Obama told reporters he did not agree with one of his supporters, Vermont Senator Patrick Leahy, when he said earlier last week that Clinton cannot win the nomination and should therefore drop out. “I hadn’t talked to Pat about it,” Obama said.
At stops throughout the day, Clinton raised the question of whether she should leave the race — eliciting loud jeers from supporters.
“There are some people who say we should just stop these elections. ‘Enough people have already voted, what’s a few million more?’” Clinton said in Louisville. “I don’t know about you but I’m glad Kentucky is going to be voting and you’ll be choosing because it’s such an important election.”
The state holds its primary May 20.
Campaigning in Pennsylvania, her husband, Bill Clinton, said party insiders looking to resolve the contest should step back and allow the process to move forward.

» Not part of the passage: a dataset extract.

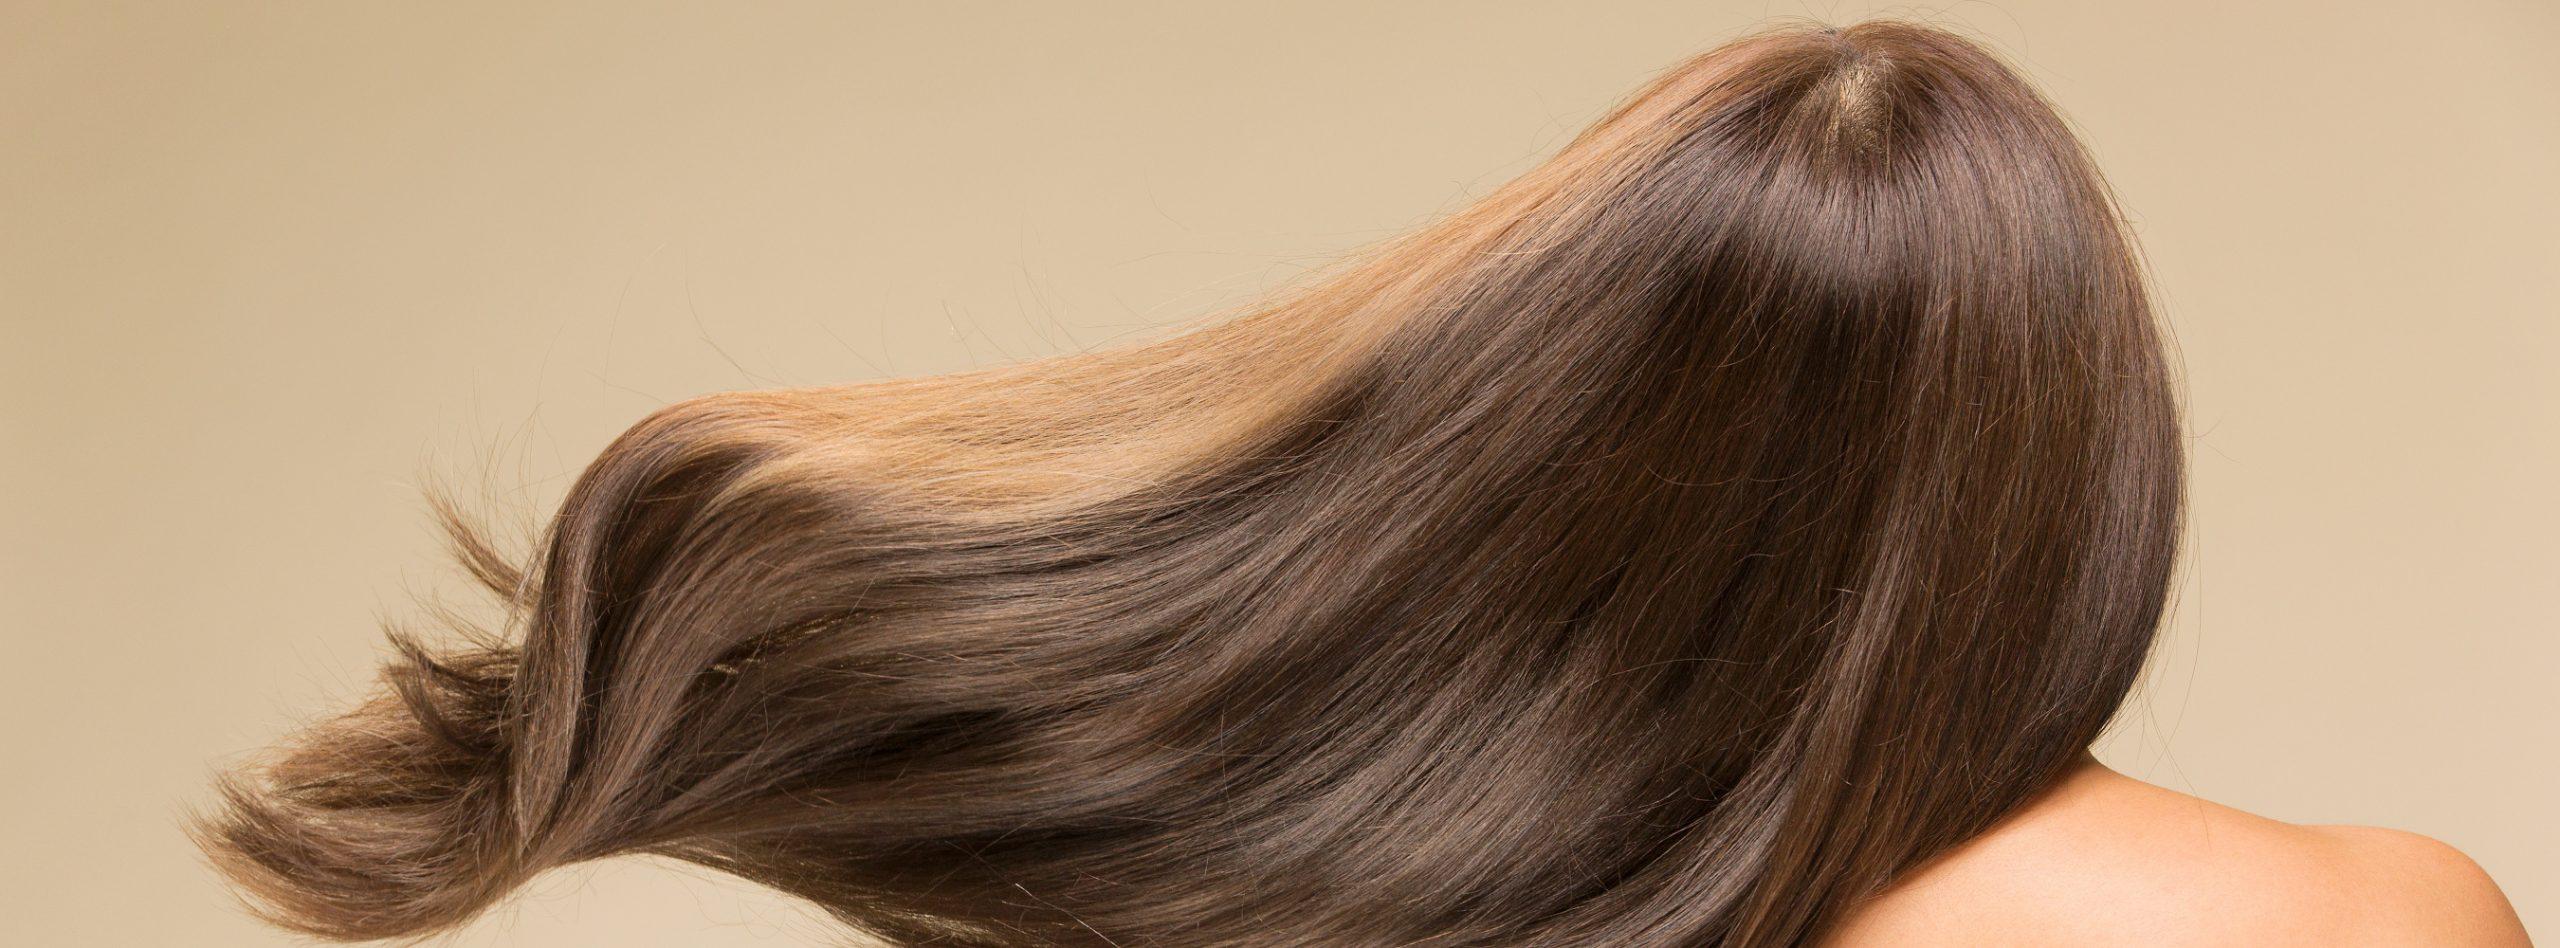 Frau mit langem, kastanienbraunen Haar

“We just need to relax and let this happen. Nobody’s talking about wrecking the party,” the former president said. “Everywhere I go, all these working people say: ‘Don’t you dare let her drop out. Don’t listen to those people in Washington, they don’t represent us.’”

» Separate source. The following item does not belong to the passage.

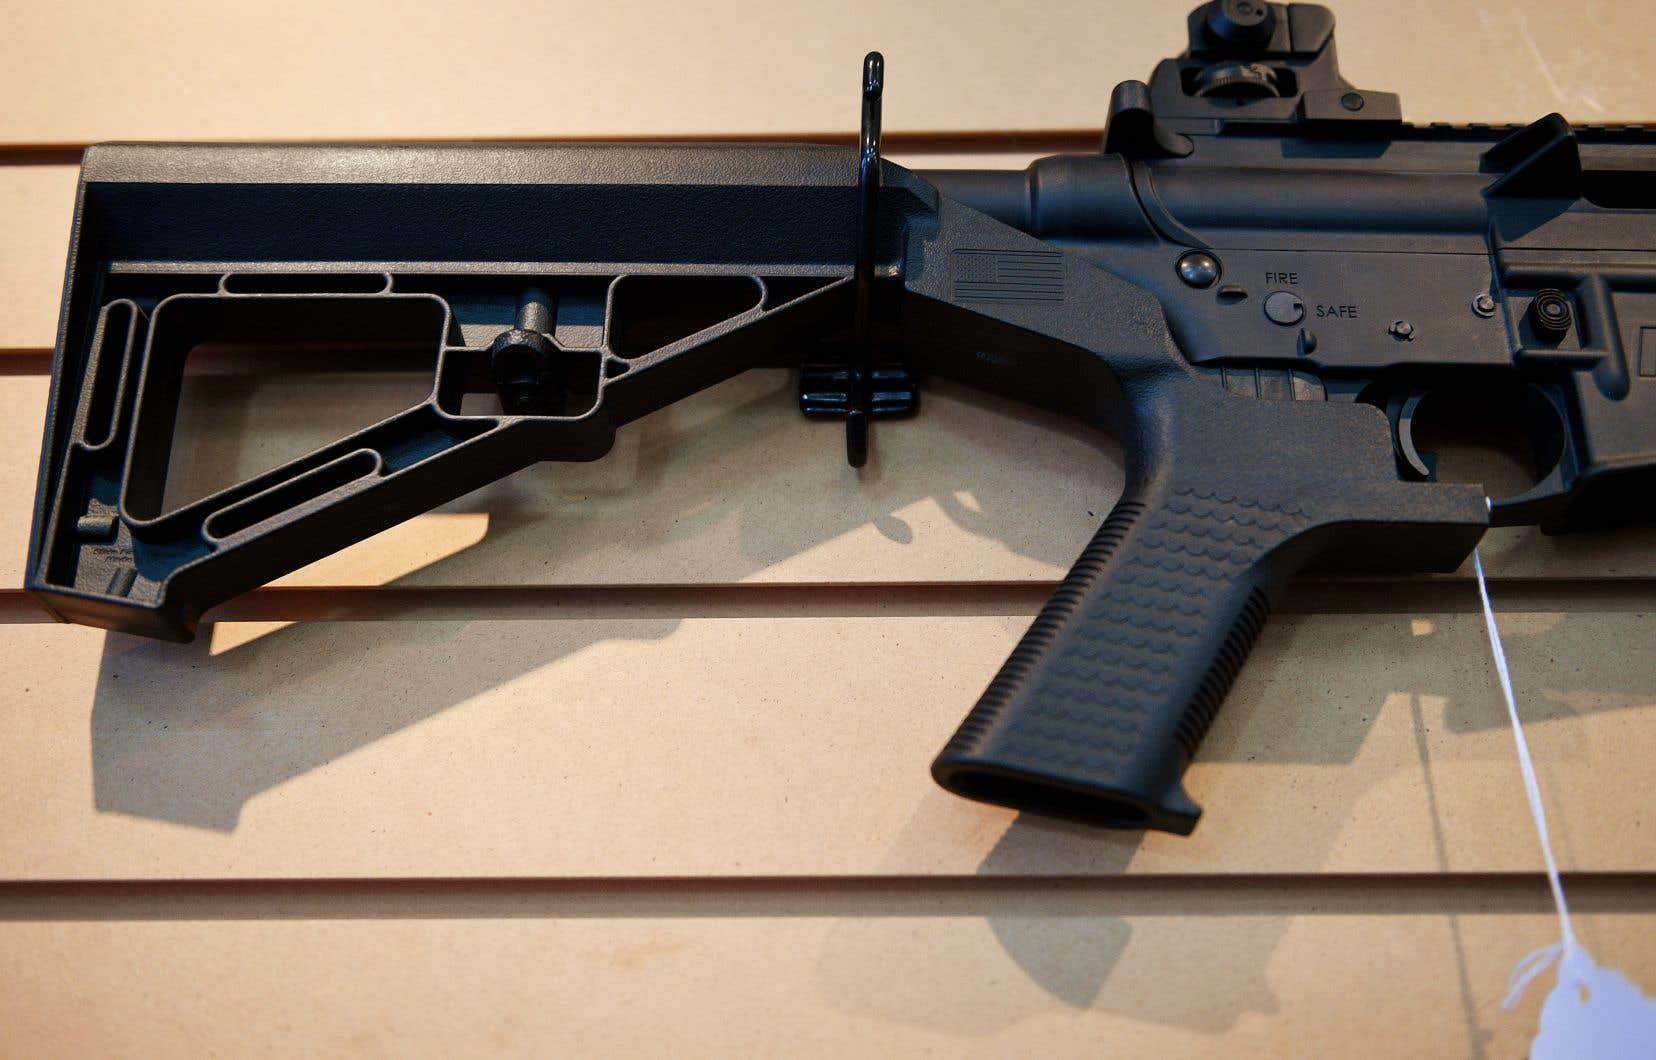 Le «bump stock» est une crosse amovible qui utilise l'énergie du recul de l'arme pour imprimer un mouvement de va-et-vient extrêmement rapide au fusil.

The campaign released a fundraising e-mail Saturday signed by Bill Clinton, asking supporters to challenge talk of his wife departing the race by sending a check to her campaign.
Jobs and the economy are front and center in the remaining primary contests between the two Democratic hopefuls. Pennsylvania, which holds its primary April 22, has seen its manufacturing base and especially its steel industry weakened in recent decades, as has Indiana, which votes May 6.
While campaigning in Ohio, another big manufacturing state, both Clinton and Obama criticized free trade deals and insisted the other candidate was not as reliable a protector of U.S. jobs. Clinton won that state’s March 4 primary.
Also Saturday, former Democratic contender John Edwards made his first public comments on the race since dropping out two months ago.
“I have a very high opinion of both of them,” Edwards said of Obama and Clinton at the Young Democrats of North Carolina convention. “We would be blessed as a nation to have either one of them as president.”
At the same event, Chelsea Clinton said her travels have opened her eyes to sexism.
“I didn’t really get how much sexism there still was in our country until I was at a rally with my mom in New Hampshire, and someone came up to me and said, ‘I just can’t see a woman being commander in chief,’” the former first daughter said.
She has always been supported by both the men and women in her family, she said. “I have been so profoundly more grateful than I have ever been over the past few months for my parents because of that.”